-- DATASET CONTENT follows --
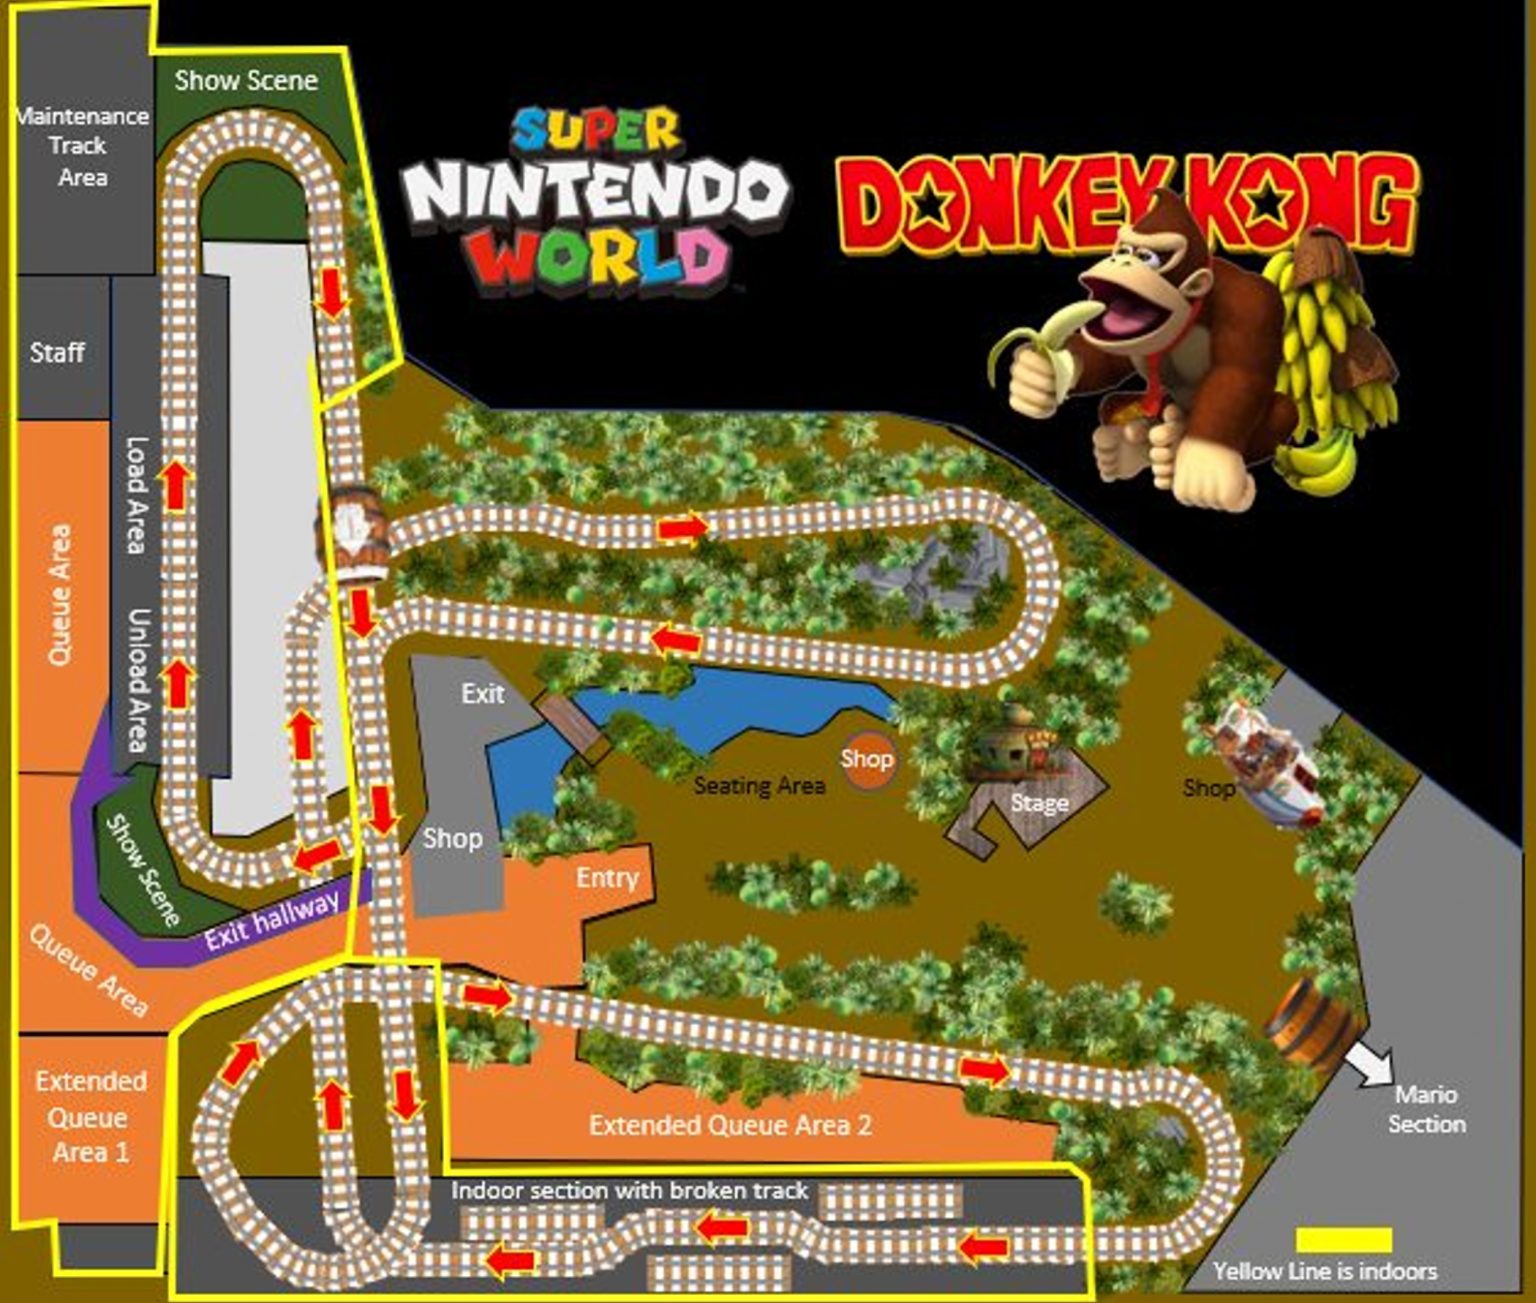 Donkey Kong Expansion Announced to Open 2024 at Super Nintendo World
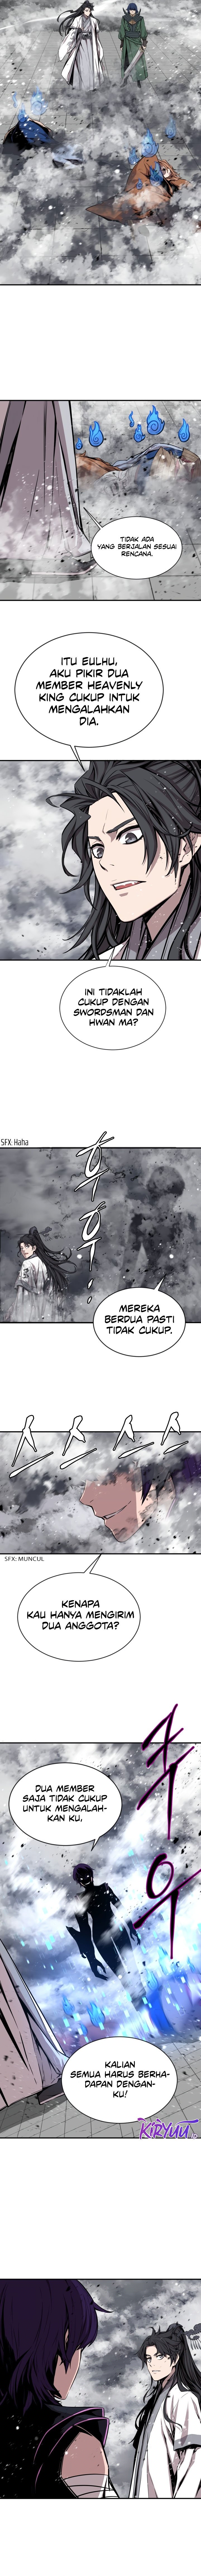 Legend Of Mir Gold Armored Sword Dragon Chapter 47
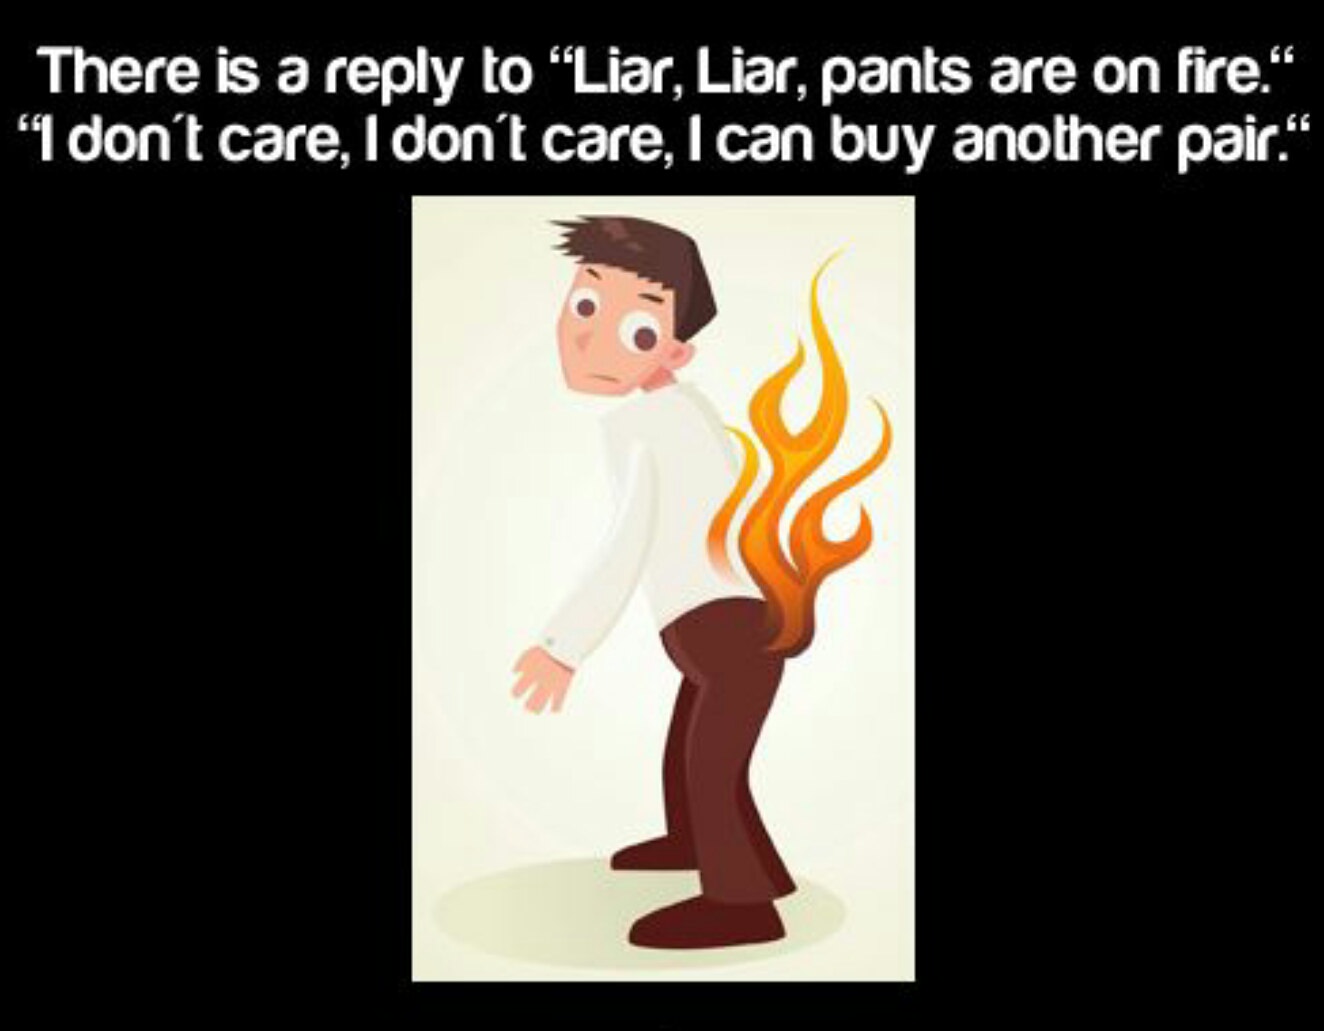 funny i never knew that facts - 30 There is a to Liar, Liar, pants are on fire." "I don't care, I don't care, I can buy another pair."
-- DATASET CONTENT concluded --
WHAT YOU WILL DO
Write the listing out exactly, word for word, but omit the pictures.

REPLY TO THE EXERCISE
 Donkey Kong Expansion Announced to Open 2024 at Super Nintendo World
 Legend Of Mir Gold Armored Sword Dragon Chapter 47
 funny i never knew that facts - 30 There is a to Liar, Liar, pants are on fire." "I don't care, I don't care, I can buy another pair."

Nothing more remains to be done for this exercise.